Collaboratory Data Mining and Visualization Workshop
In this workshop we will be using plot.ly, an online platform for sharing datasets and collaborative visualization.
You will need to register an account with plot.ly for this workshop. Go to the plot.ly homepage and click on “Sign up” in the upper right corner of the page. If you already have a Gmail, Facebook, Twitter, or Github account, you will have the option to register using that account instead, so that you don’t have to create and remember a new password just for plot.ly.
Today we are only doing one small step in data analysis.
Depending on the source of the data you want to work with, these steps may be easy or quite difficult. Each of these steps, particularly the cleaning step (in which we coerce “messy” values from the original dataset into regular, computable ones) and the mutating step (in which we generate entirely new variables by programmatically manipulating existing and/or cleaned variables), already involve a great deal of interpretation. We’re skipping ahead to what may be the most “fun” step — that of visualization — but bear in mind that this is only part of the process. This is not an entirely linear pipeline, either. You will always iterate your analyses, going back to change your data cleaning and mutation methods based on visualization results, and trying entirely new analyses as you determine the most effective way to compose your narratives.
It helps to be specific about the different elements of a data table.
Understanding your two main data types will help you determine the most productive visualizations to try.
Different types of plots are good for looking at ordinal or categorical distribution (histogram), categorical vs. ordinal (bar chart), or ordinal vs. ordinal (scatterplot).
Data link: https://plot.ly/~mdlincoln/9
Follow the data link above, and sign in to plot.ly if asked to do so. You should see a preview of the data table. Click on the link that says “Fork and edit”.
This will copy the data to your account, and open the editing and plotting interface.
Where did these data come from?
I scraped these data from the National Gallery of Art’s Online Edition of the 17th Century Dutch Paintings.
Some of the variables in the table are original to the NGA’s website, while some of them I generated during the process of data cleaning and mutation.
For example, the NGA lists dimensions as a string (a list of characters) rather than as numeric values.
Using a script, I extracted the numeric values from these strings to create the height and width columns.
I had to perform similar functions for creation and acquisition dates.
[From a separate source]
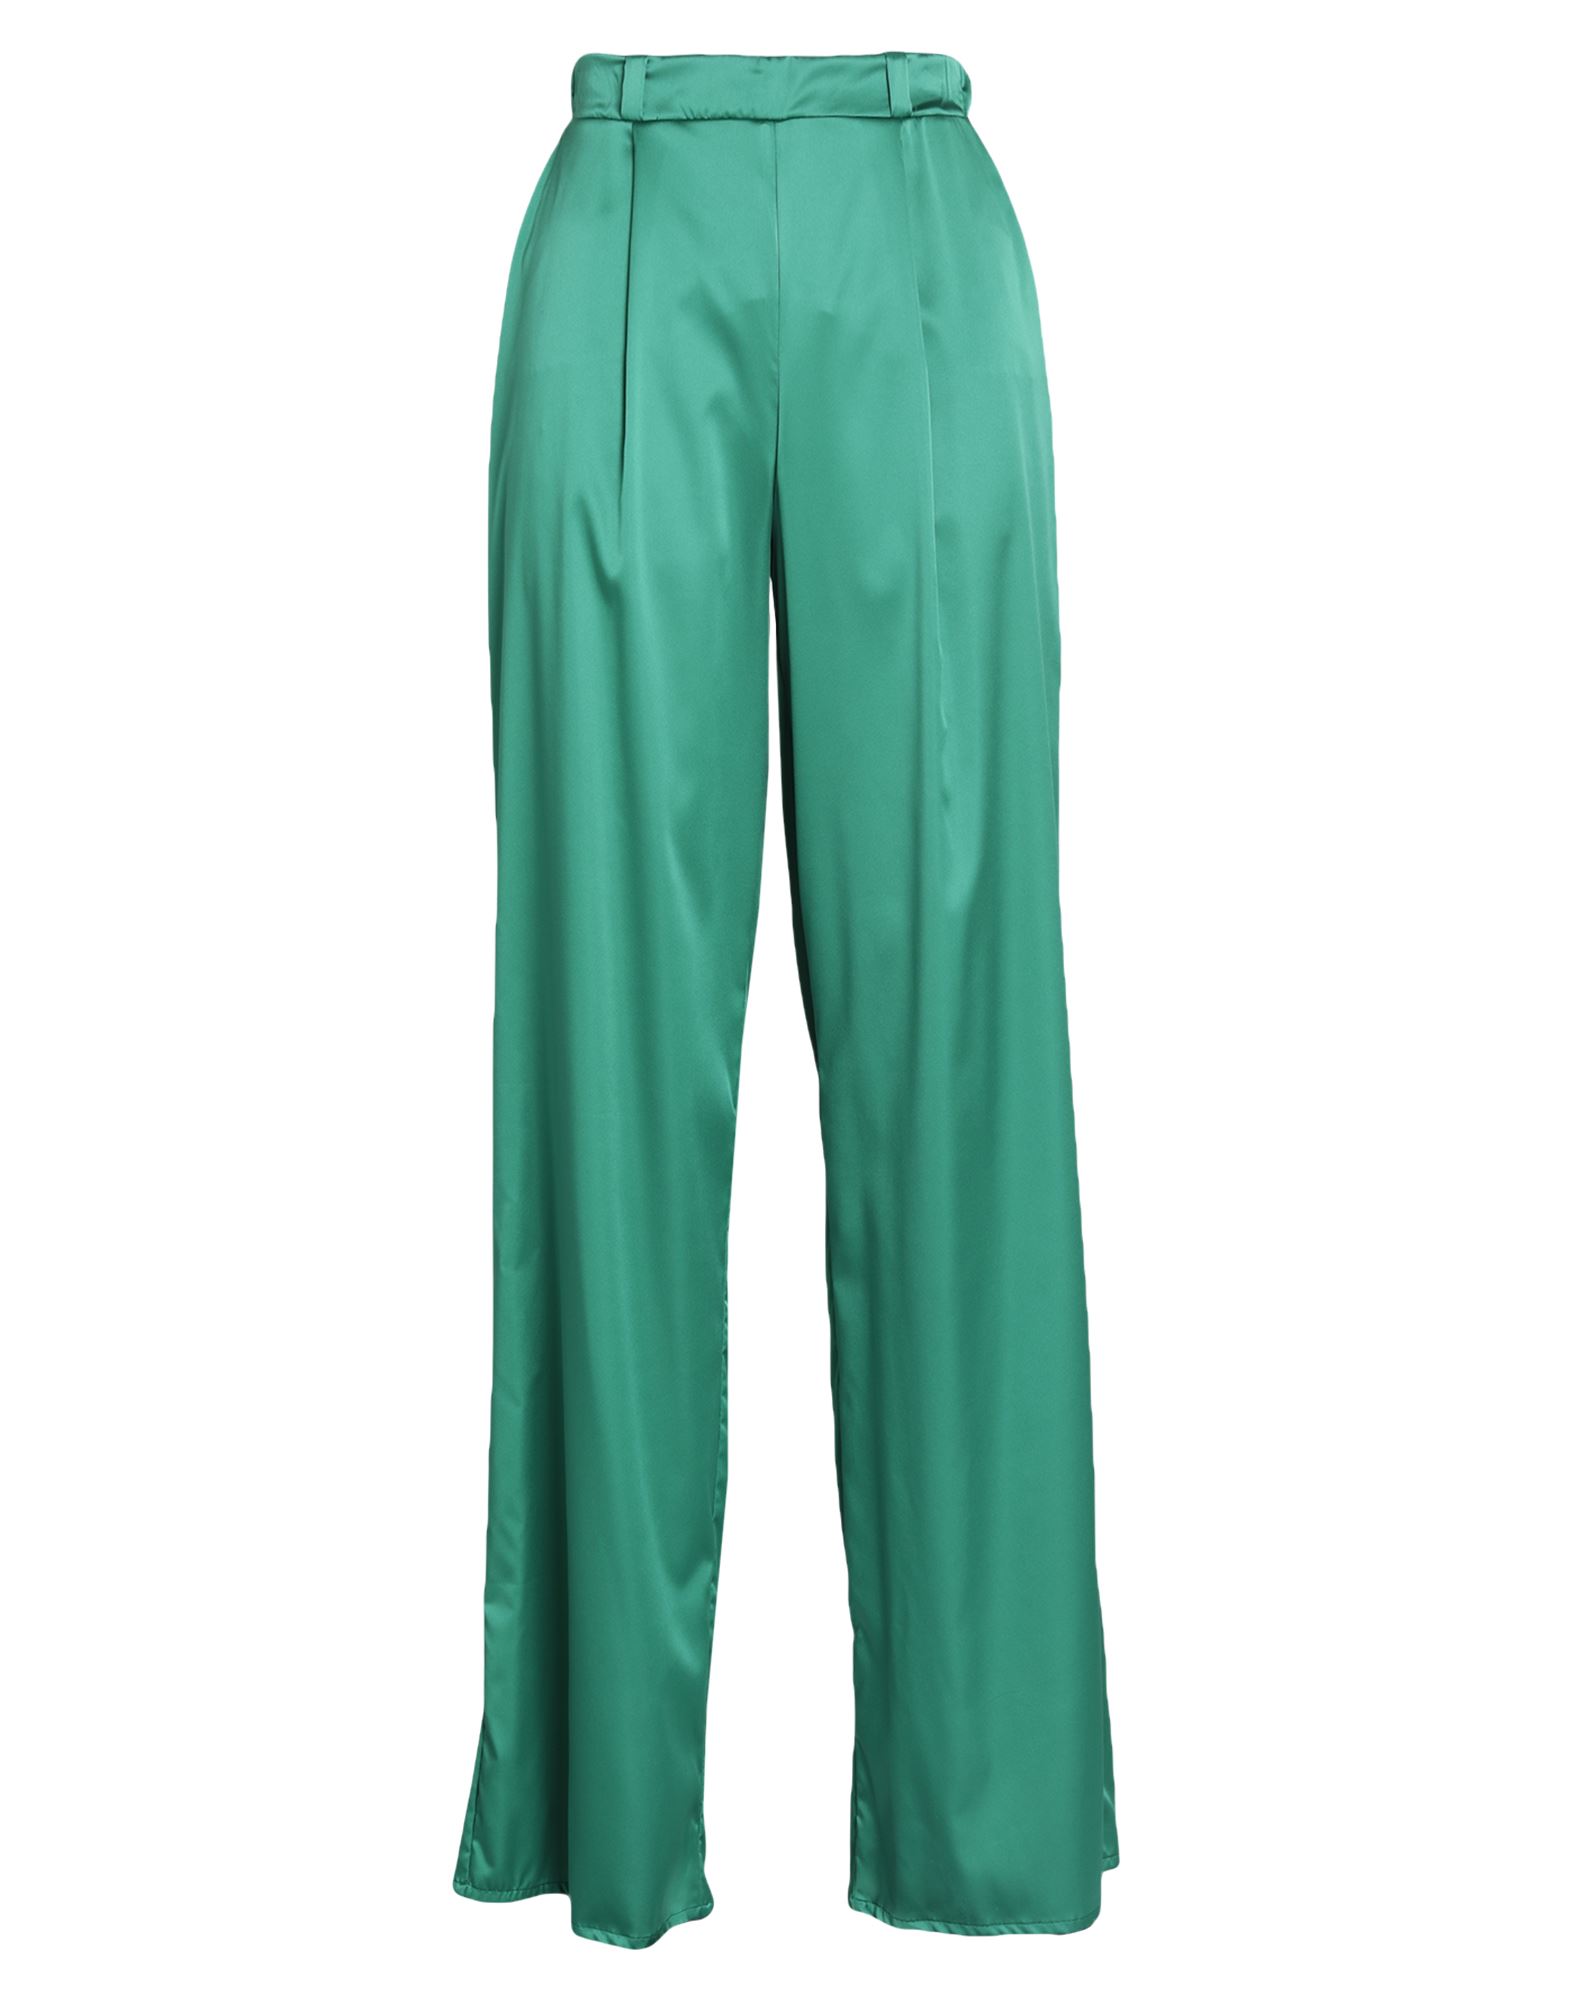 Chiara Boni La Petite Robe Pants In Green | ModeSens

Also, I created categories such as set
(the collector/curator who added the items to the collection) and genre
manually or semi-manually.
artist
nationality
title
medium
credit
accession
onview
creation_date
room
genre
height
width
creation_date
acc_date
set
Try to devise plots that could shed light on these questions:
Data link:https://plot.ly/~mdlincoln/8
These data comprise a random sample of about 0.4% (1500 out of 374277) of the British sales records maintained by the Getty Provenance Index. Because plot.ly runs in your browser, it cannot handle very large datasets, so we will be working will a small sample of the database. For larger sets of data, you will want to use a more powerful set of programs, such as R and RStudio.
Many of the original variables in this table are not easily computable in their original form.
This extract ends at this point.